Content starts
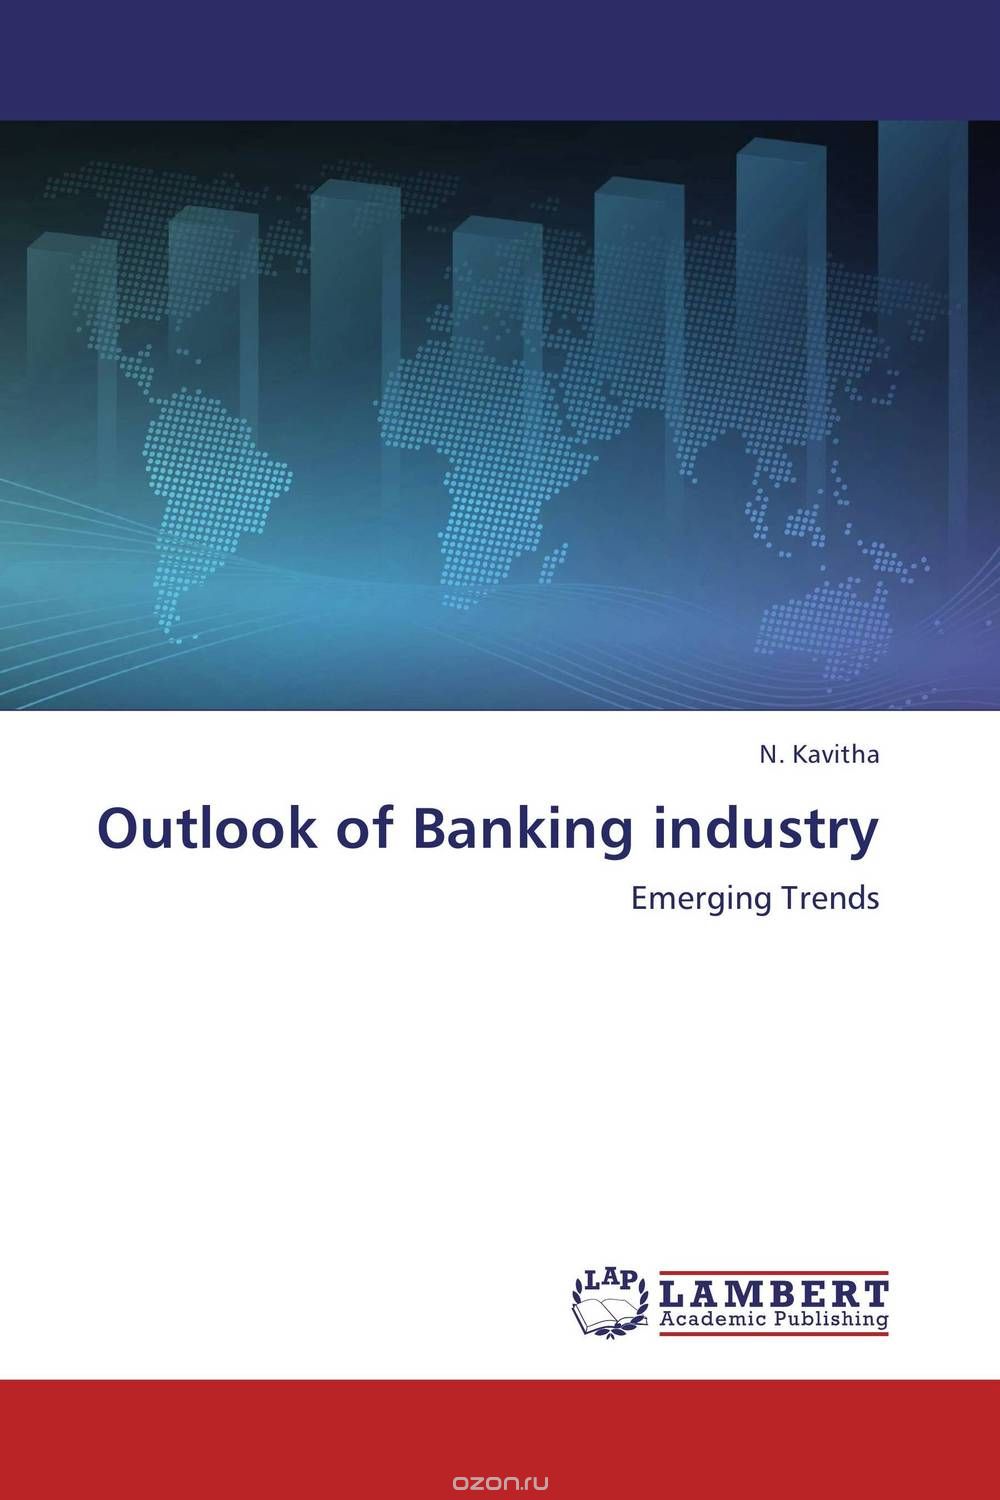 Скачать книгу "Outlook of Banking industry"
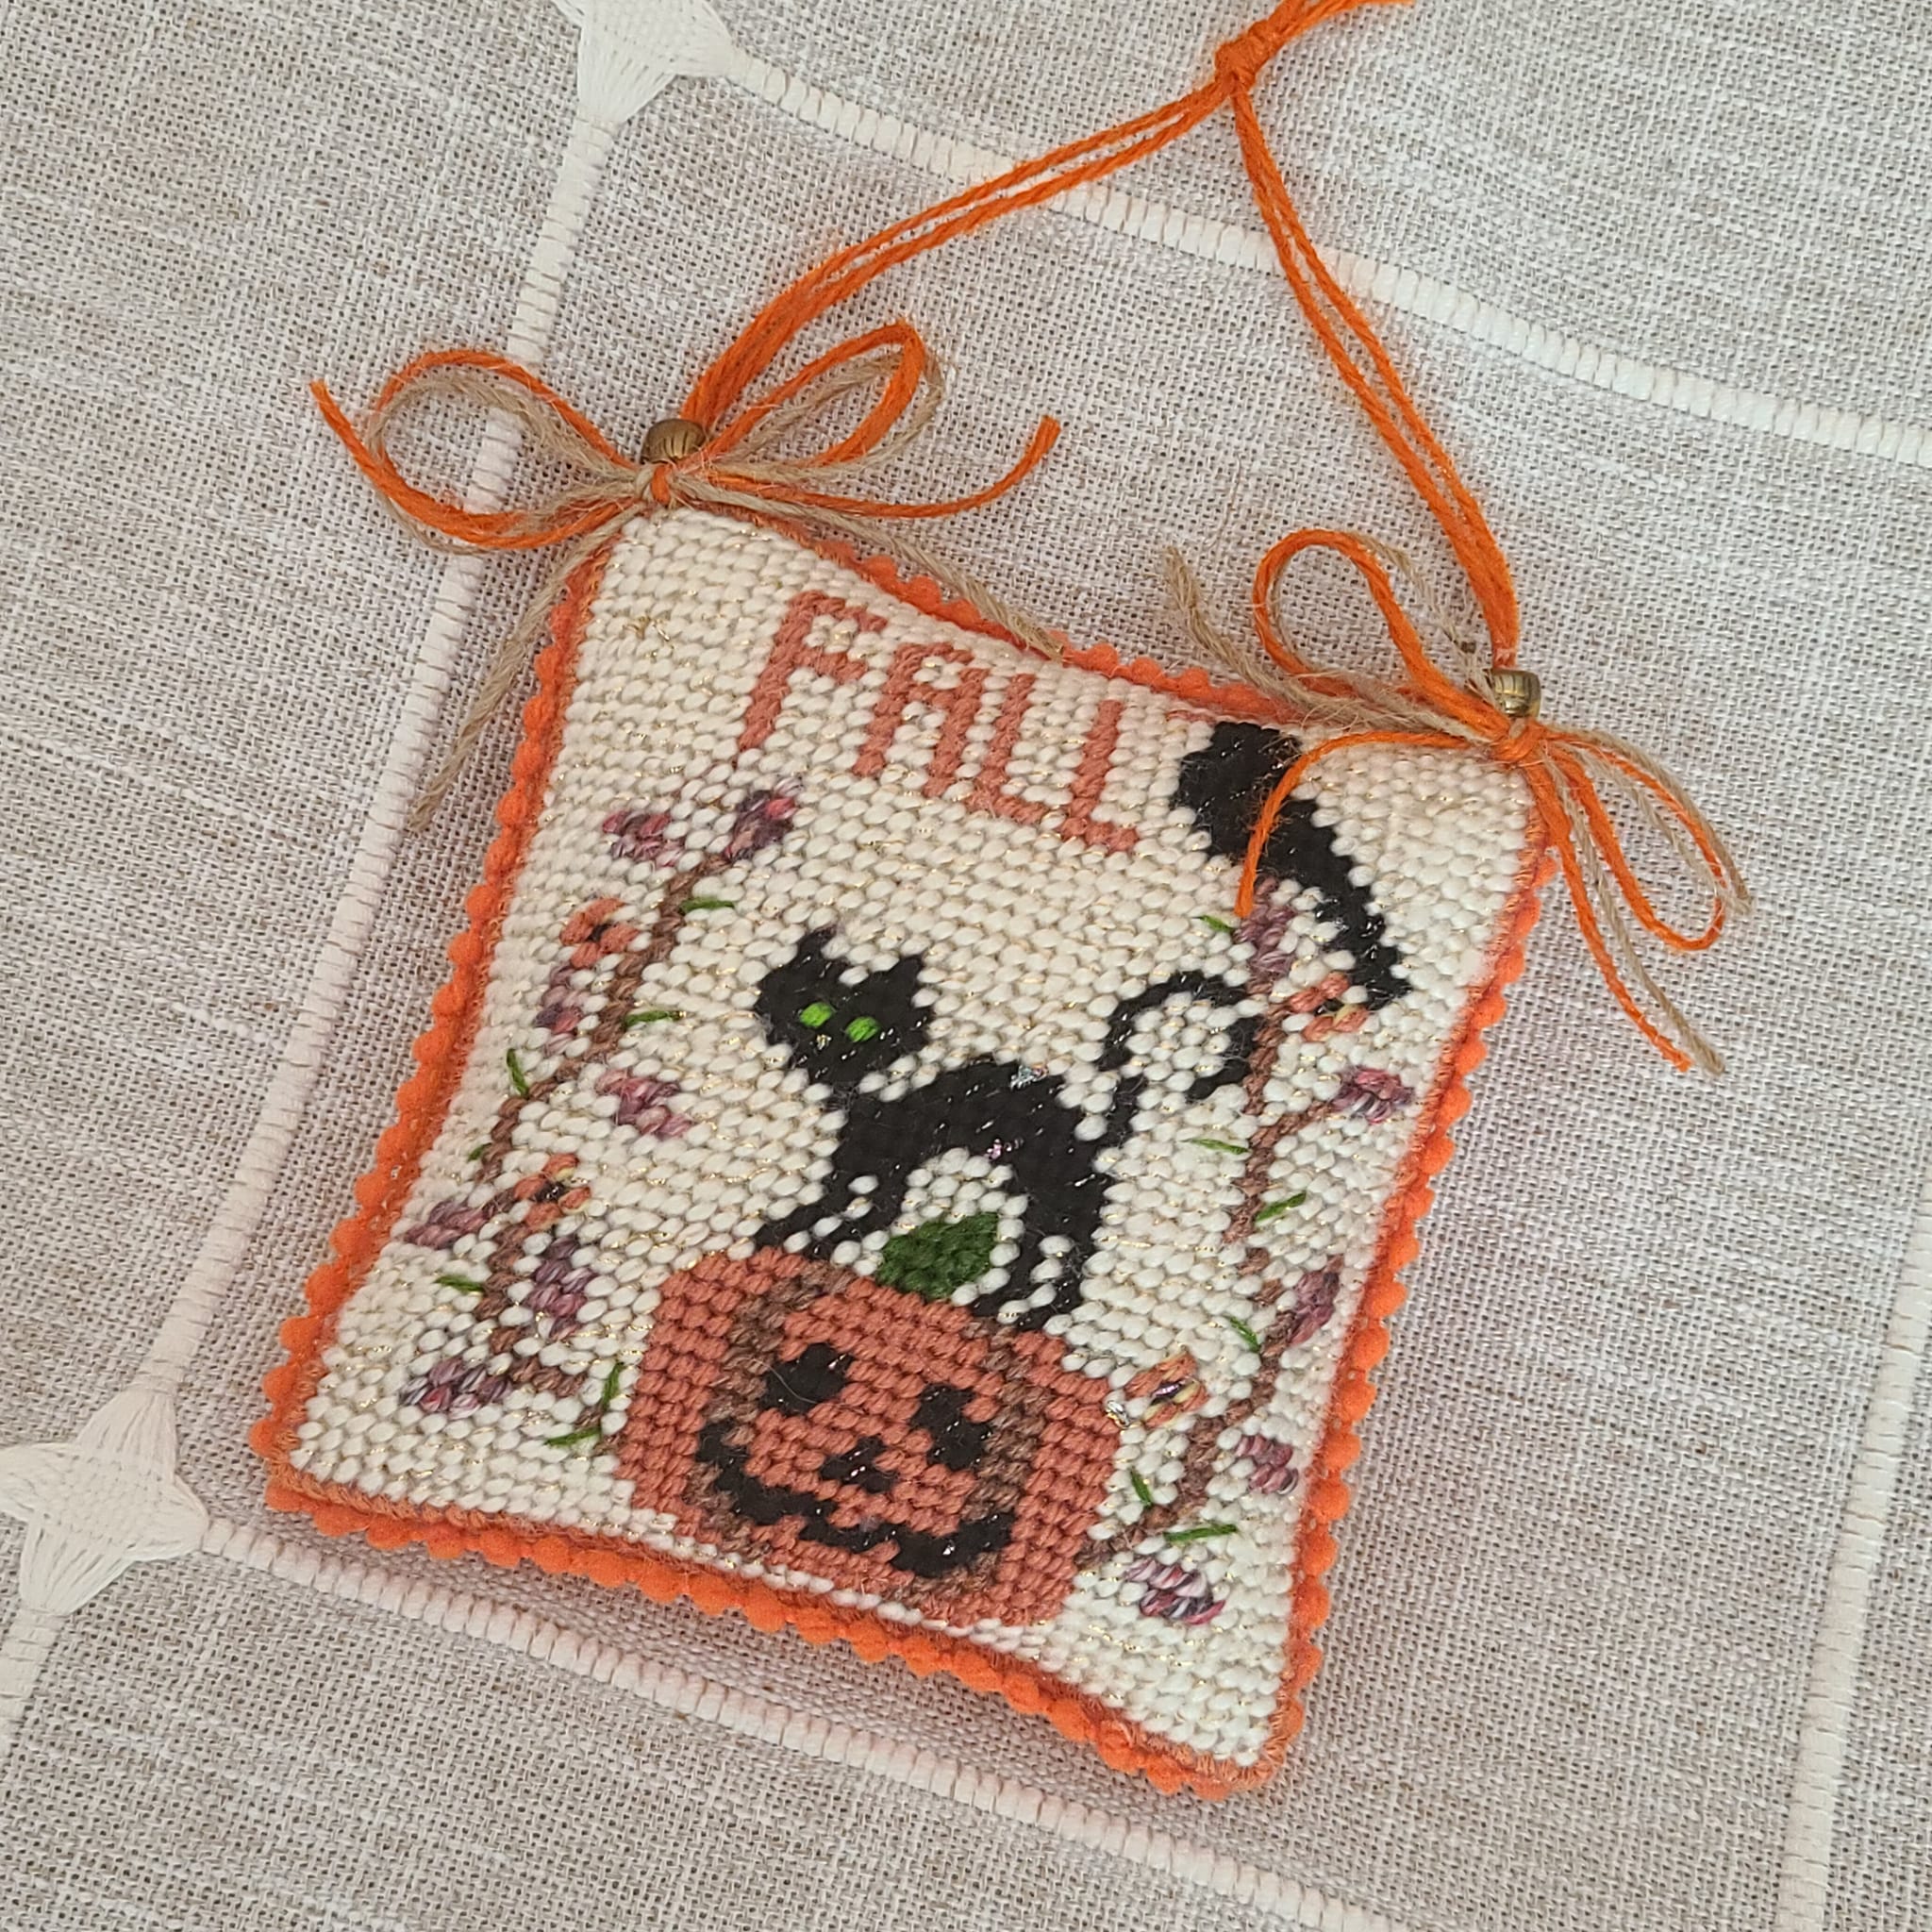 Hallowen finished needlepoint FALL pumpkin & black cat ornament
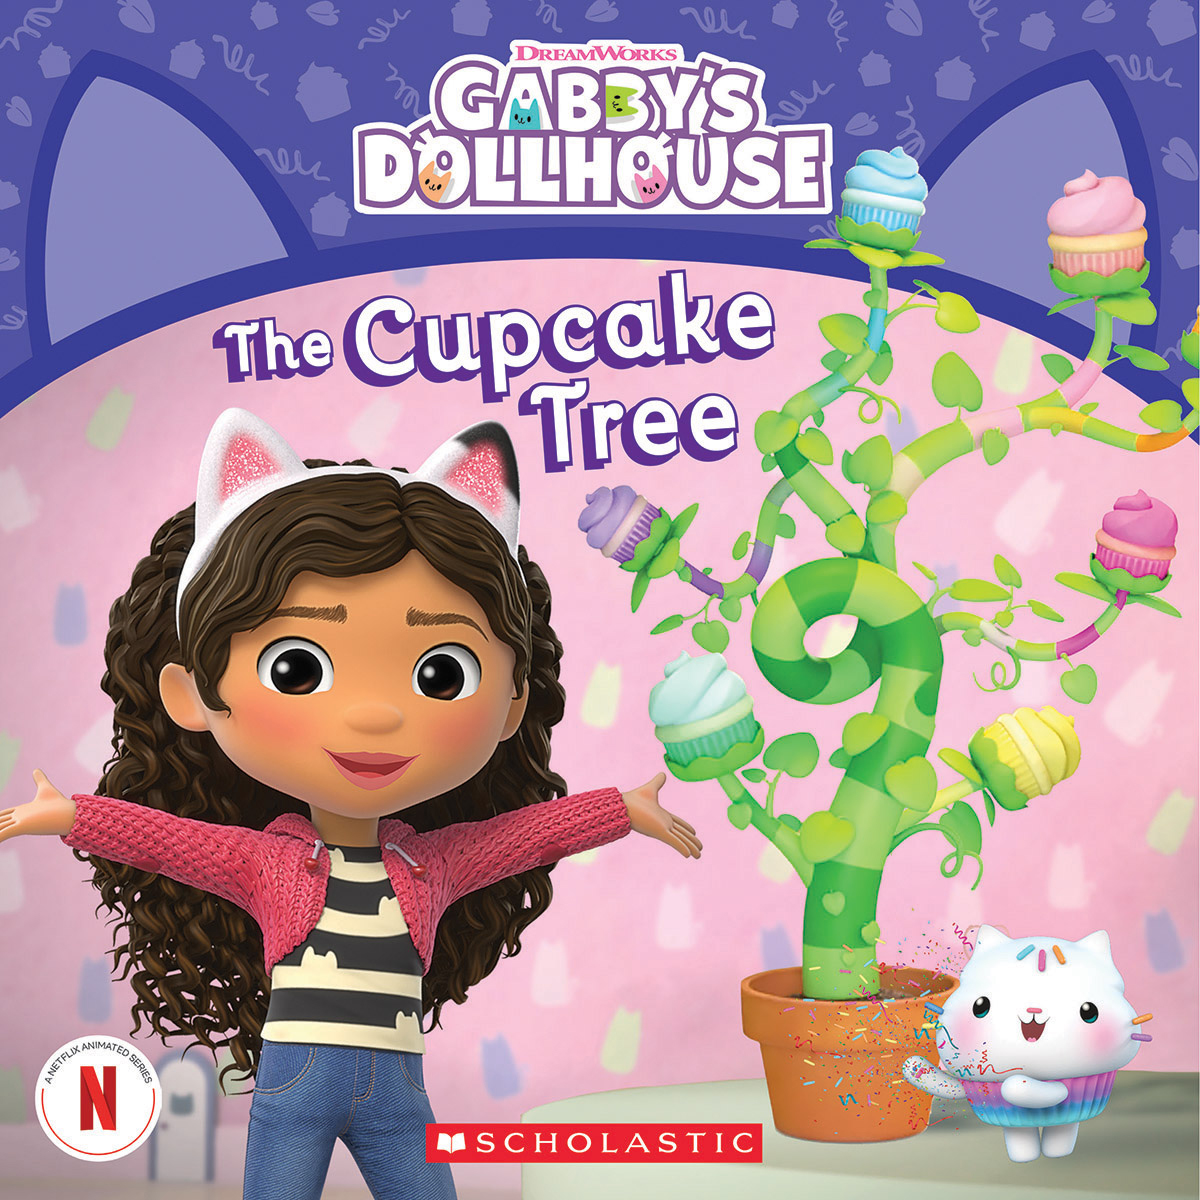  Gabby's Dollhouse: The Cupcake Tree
Content ends
### Activity
Skip every picture and transcribe the data above exactly.

### Answer to the exercise
 Скачать книгу "Outlook of Banking industry"
 Hallowen finished needlepoint FALL pumpkin & black cat ornament
  Gabby's Dollhouse: The Cupcake Tree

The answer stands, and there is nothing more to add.